Cogan syndrome is a rare autoimmune disease involving the eye and the inner ear.
Cogan syndrome affects young adults, with 80% of patients between 14 and 47 years (1). The disease appears to result from an autoimmune reaction directed against an unknown common autoantigen in the cornea and inner ear. Some patients may also have severe systemic vasculitis, which may include life-threatening aortitis.
Reference
1. Vollertsen RS, McDonald TJ, Younge BR, et al: Cogan's syndrome: 18 cases and a review of the literature. Mayo Clin Proc 61(5):344-361, 1986. doi:https://doi.org/10.1016/S0025-6196(12)61951-X
Symptoms and Signs of Cogan Syndrome
The presenting symptoms involve the ocular system, the vestibuloauditory system, or both. By 5 months, most patients have both ocular and vestibuloauditory symptoms. Nonspecific systemic complaints include fever, headache, joint pain, and myalgia.
Ocular
Ocular involvement includes any combination of the following:
Bilateral interstitial keratitis or other corneal stromal keratitis
Papillitis
Other orbital inflammation (eg, vitritis, choroiditis)
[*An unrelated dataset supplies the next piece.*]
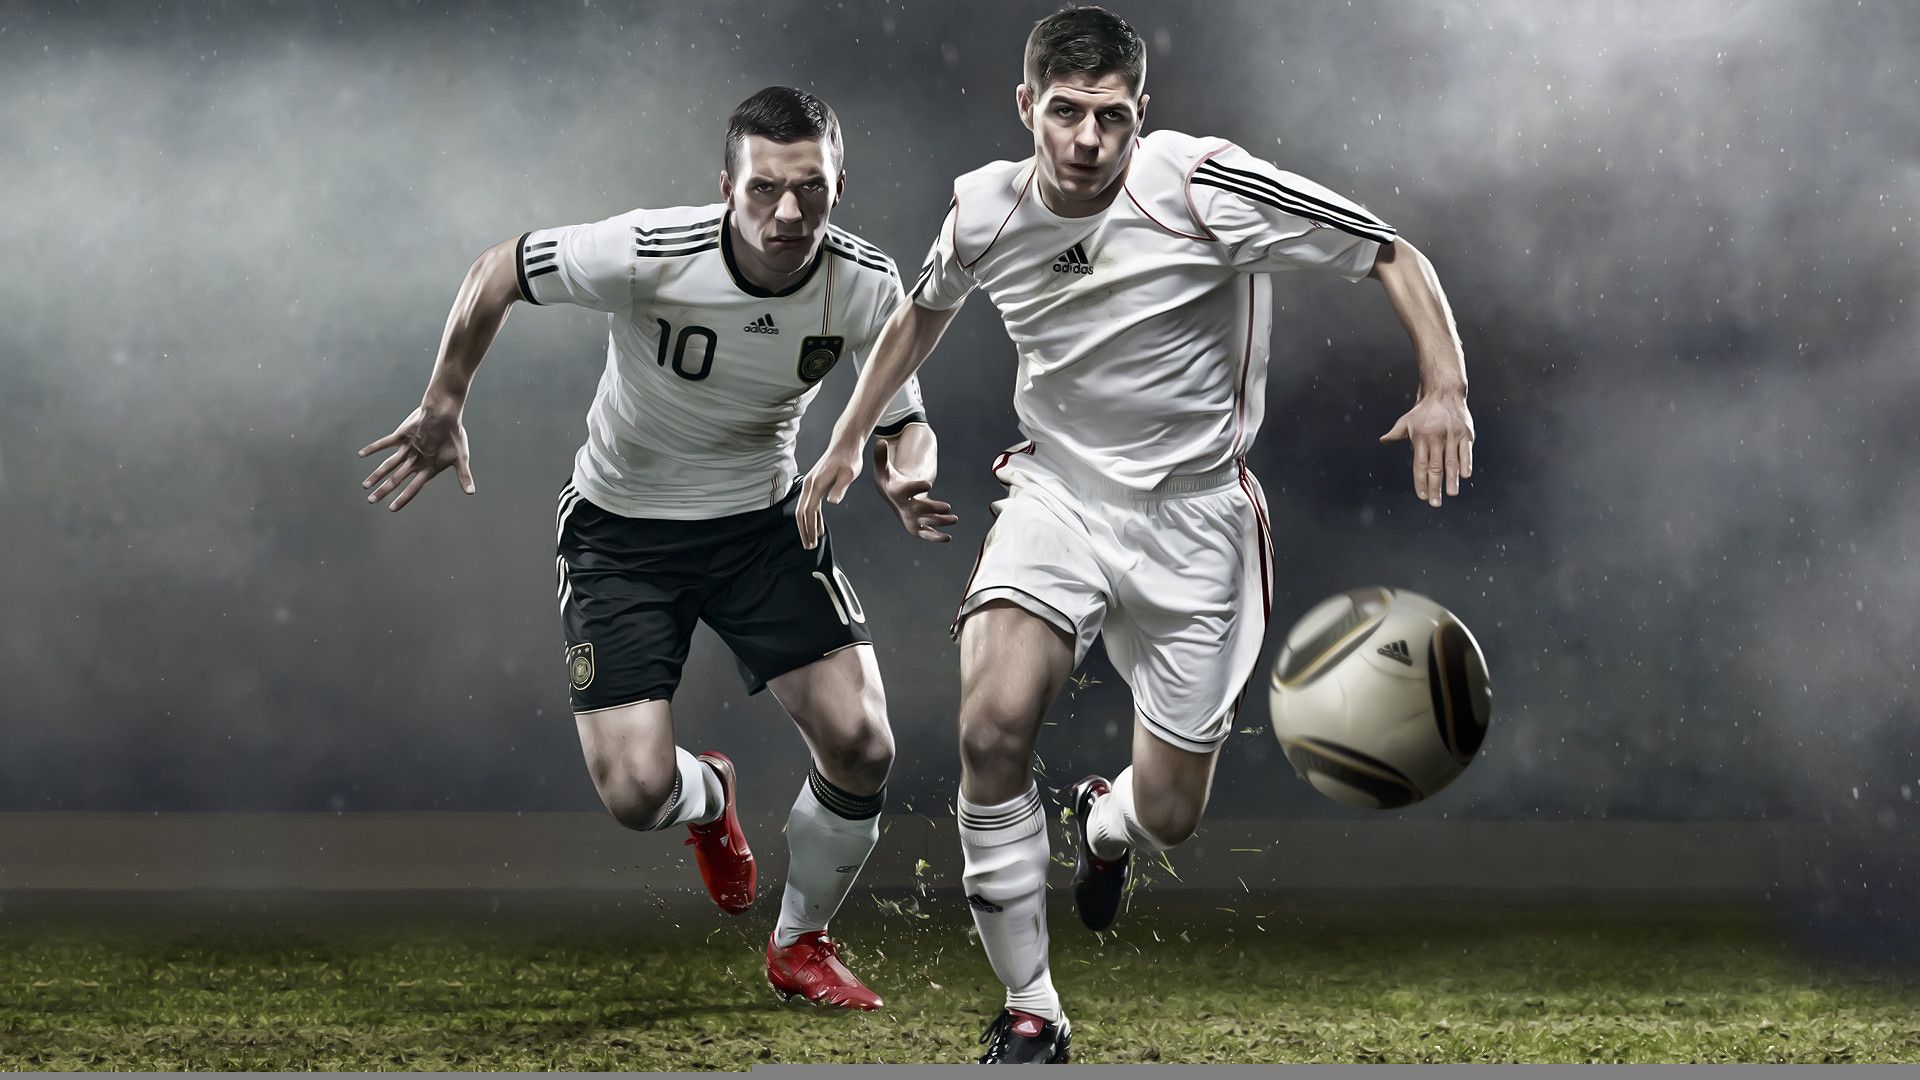 Adidas Soccer Wallpaper HD | PixelsTalk.Net

Ocular symptoms include irritation, pain, photophobia, and decreased vision. Ocular examination shows a patchy corneal stromal infiltrate typical of interstitial keratitis, ocular redness, optic nerve edema, proptosis, or a combination of these symptoms.
Vestibuloauditory
Vestibuloauditory symptoms can include sensorineural hearing loss, tinnitus, vertigo, and/or a sensation of fullness or pressure.
Vascular
A diastolic heart murmur may be present when aortitis is significant. Claudication may be present if limb vessels are affected.
Diagnosis of Cogan Syndrome
Clinical evaluation
Urgent evaluation by an ophthalmologist and otolaryngologist is indicated when Cogan syndrome is suspected. Diagnosis is based on clinical findings and exclusion of other causes of stromal keratitis (eg, syphilis, Lyme disease, Epstein-Barr virus infection) by appropriate serologic tests. Antibodies to inner ear antigens, anti-Hsp70 (associated with sensorineural hearing loss), and antineutrophil cytoplasmic antibodies (associated with vasculitis) have been found in patients with Cogan syndrome. CT and MRI should be done and may be normal or demonstrate labyrinthitis, inflammation, or calcification of the semicircular canals, vestibule, or cochlea.
Treatment of Cogan Syndrome
Initially topical and sometimes systemic corticosteroids for ocular involvement
Untreated disease may lead to corneal scarring and vision loss. With treatment, the risk of permanent hearing loss decreases to approximately 50% (1). Keratitis (and symptoms of corneal involvement), episcleritis, and anterior uveitis
Treatment reference
1. Gluth MB, Baratz KH, Matteson EL, et al: Cogan syndrome: a retrospective review of 60 patients throughout a half century. Mayo Clin Proc 81(4):483-488, 2006. doi: 10.4065/81.4.483
Key Points
Cogan syndrome is a rare autoimmune syndrome affecting mainly the ocular and vestibuloauditory systems.
Life-threatening aortitis sometimes occurs.
If untreated, permanent vision and hearing loss can result.
Urgent evaluation by an ophthalmologist and otolaryngologist is indicated.
Treatment is typically with corticosteroids (topical and systemic).